Arrows indicate the high points of Australian 1/2 Pennies and
Pennies minted between 1910 and 1936.
The first signs of obverse wear are seen on the monarch’s crown band
because it is the highest part of the design.
The centre piece of the design known as the centre diamond is the first point
you should look to in determining wear. The amount of wear extends from the
centre diamond to the 2 sets of pearls located either side of the centre
diamond. Next you should look at the end of the moustache and the top of the
ear.
The first signs of reverse wear are the inner ring and the top scroll.
Whilst the above
seems very simple and straight forward there are a few other things to take into
account when considering wear.
Because we don't have hard, flat fingers, the wear on a coin will not be
confined to the high points but will cover all features of the design to varying
degrees, also the high points will not wear flat, they will wear by rounding
down.
As an example, if you were handling the above pictured 1911 penny your thumb or
fingers would not touch the reverse inner ring and top scroll only, but would
touch most parts of the surface except some of the finer areas between the
design features and would therefore cause some form of wear to all parts of the
design.
So, as well as looking at the high points you also need to look at the
coin overall.
A common part of coin handling is placing them on a counter, table or other
similar hard surface and being dragged across the same surface as they are
counted and or gathered up.
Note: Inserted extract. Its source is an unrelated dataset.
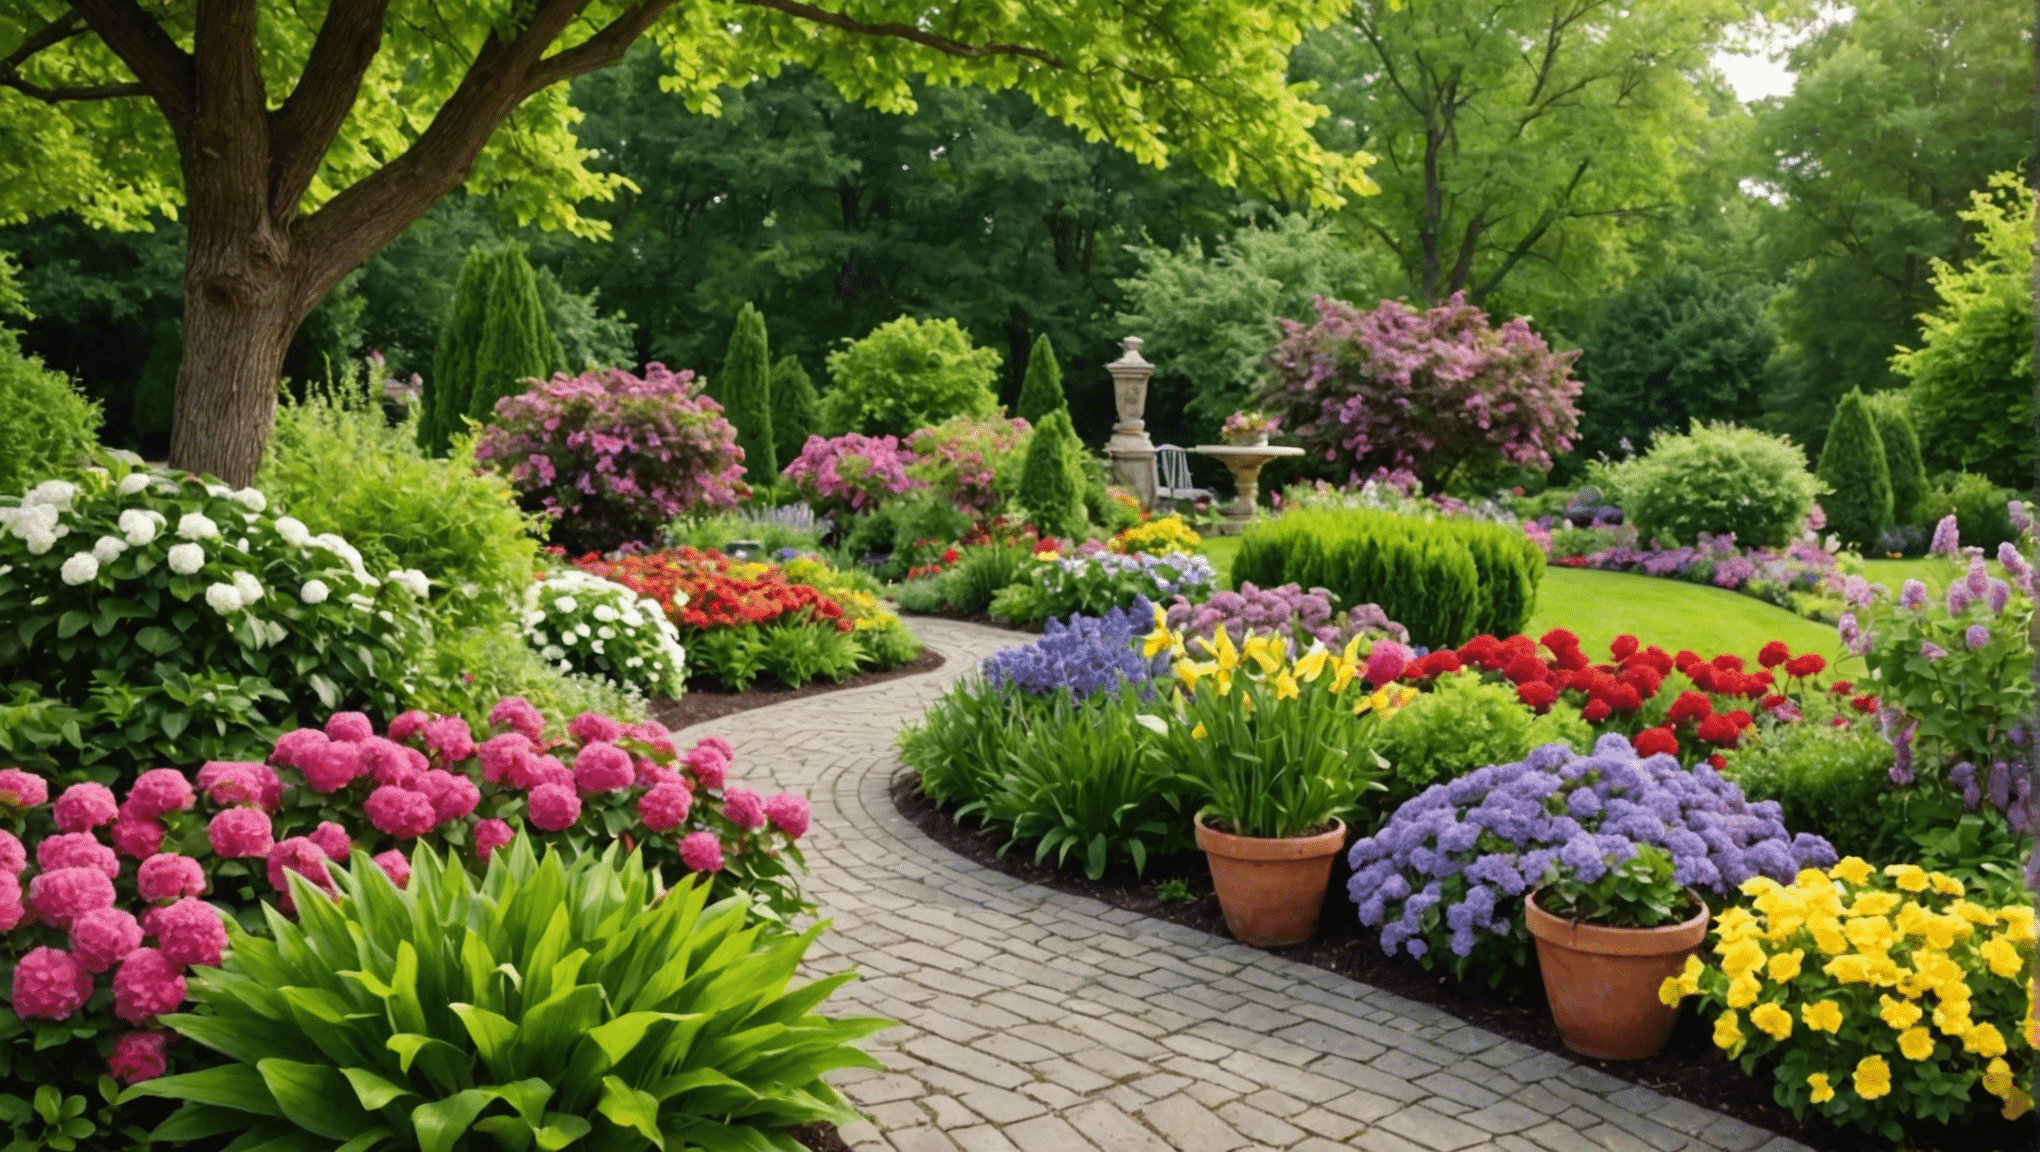 découvrez les meilleures idées de jardinage d'été pour rehausser votre espace extérieur. Des compositions florales vibrantes aux pratiques durables innovantes, trouvez l'inspiration pour cultiver un jardin prospère cette saison.
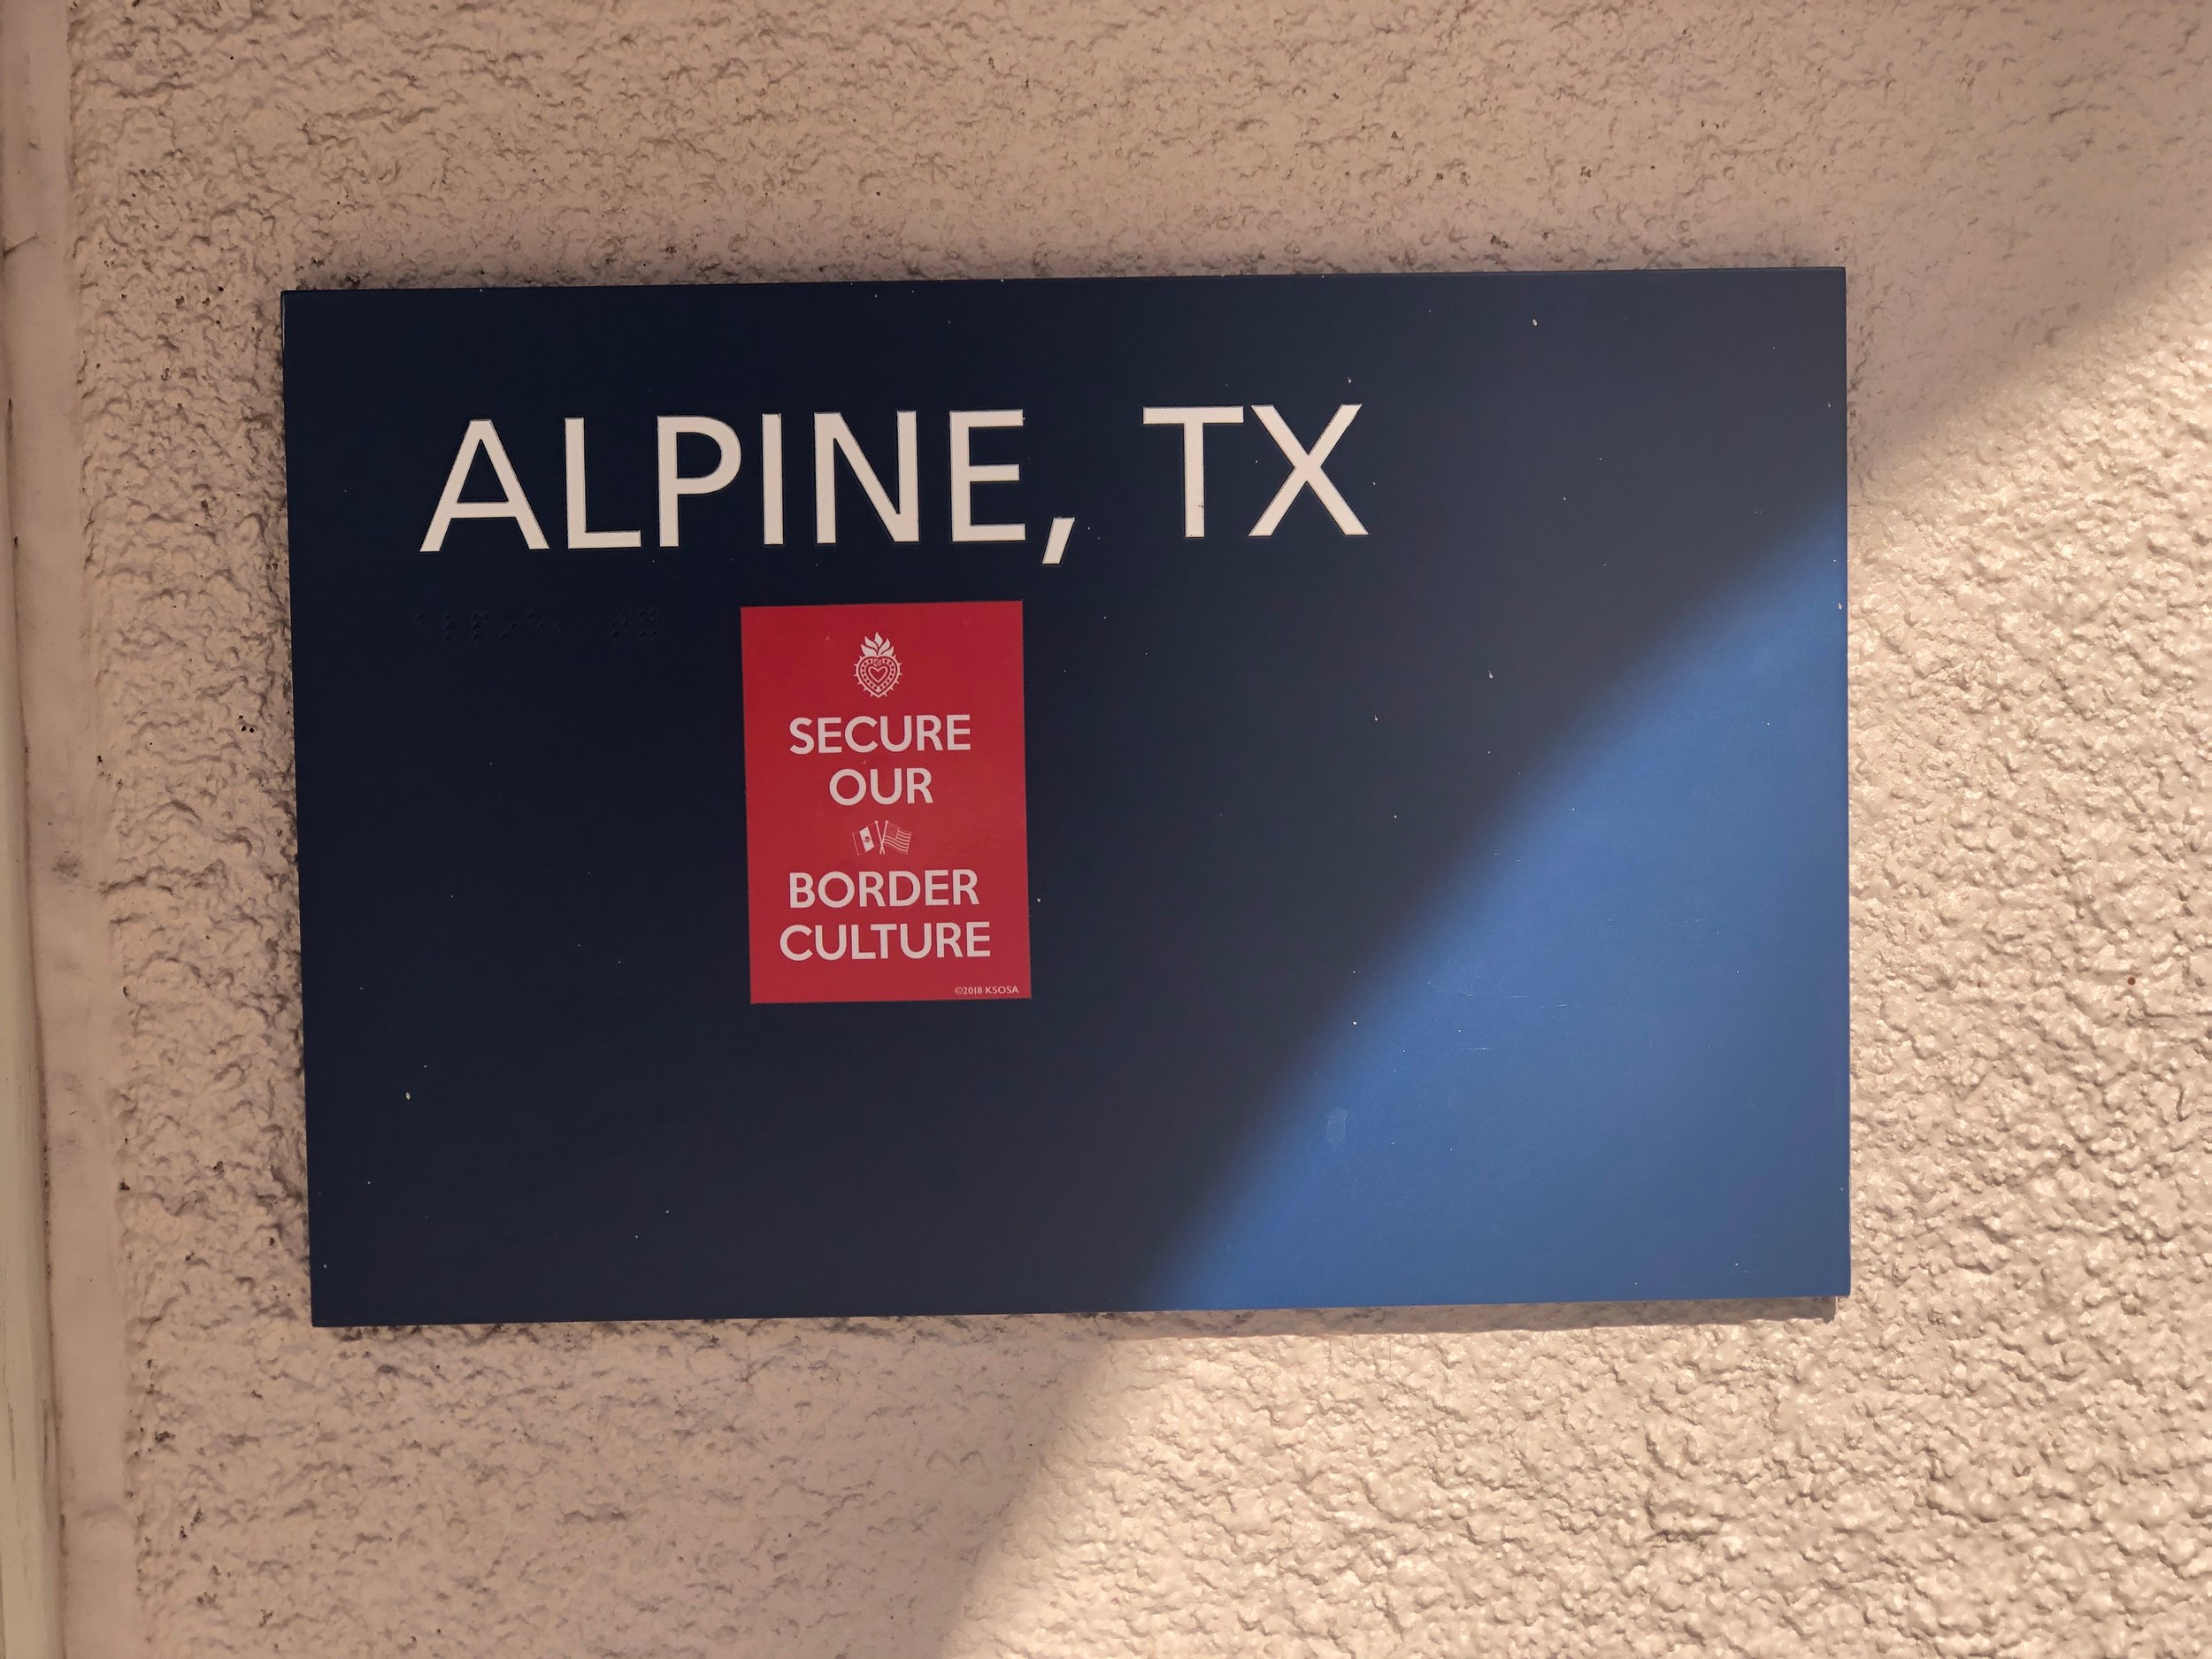  Alpine, Texas November 23, 2018 Photo by KSosa

This type of handling will cause flat wear from the
high points down.
A weak strike can
be difficult to grade so here are some tips that might make it a bit easier.
Obviously the high points will lose definition and lack sharpness. The rim
denticles and crown patterns will lose definition as well as a weakness in the
collar just under the chin. The orb on the crown also flattens out as the die
wears.
You need look at the fields (the flat areas) of the design because even light
handling can show up in the fields as tiny surface scratches. The coin
may be uncirculated so you can also look for patina and mint lustre. Be aware that
the toning on a coin can hide very light handling marks.

The first point on the obverse that indicates wear is the hair above the ear where the design has a slight bulge and the cheek below the eye. Other areas to look at are the top of the ear and the eyebrow.
The reverse points to look at are the kangaroo's cheek, 2 points on the leg and the tail about 3/4's of the way down.
This design is a lot harder to grade
as most of the design has rounded features, unlike the George V coins with all
their sharp bits. It becomes even more difficult when dealing with weakly struck
coins.
On the obverse you need to concentrate on the definition in the hair, the top of
the ear and the fields to look for wear and surface marks. Unlike the George V
coins where you can basically grade on a couple of points, you need to take more
time and look at the whole surface of the George VI coins in order to get a
grade. On the reverse the Kangaroo's cheek flattens out and starts to take away
the definition of the eye including a flattening of the eye brow. Once again you need to
look at the fields as well as the design for scratches and other handling
indicators.
An interesting thought to consider is why 1/2 pennies and pennies from the period 1928 to 1936 are generally found in better condition than the same coins from the period 1938 to 1946. There was a depression in the early thirties and a lot of people had no money, a lot of people worked for food and lodging, where as in the mid to late 1940's with the 2nd world war boosting industry, employment and bringing a lot of visitors to our shores would have meant our coins had a heavier circulation. Also from the early 1940's till production ended in 1964 there were more coins minted and the dies were kept in service longer making weak strikes more common with the George VI coins than with the George V coins.

You can apply the same grading rules to this type as with the previous George VI type
The high points are the hair and
shoulder but once again the whole coin has to be looked at.
A weak strike will show in a lack of definition in the shoulder, hair, wreath and
the back of the eye. The reverse is the same as the George VI coins and should
be graded using the same method.
There is no substitute for practice and experience so the more coins you can look at the better. With this type of coin it is possible to buy bulk lots reasonably cheaply (around $10 to $12 per kilo) which will get you around 105 pennies or 172 1/2 pennies with which to help you learn. Try to get a good cross section of types and grades in your bulk lot.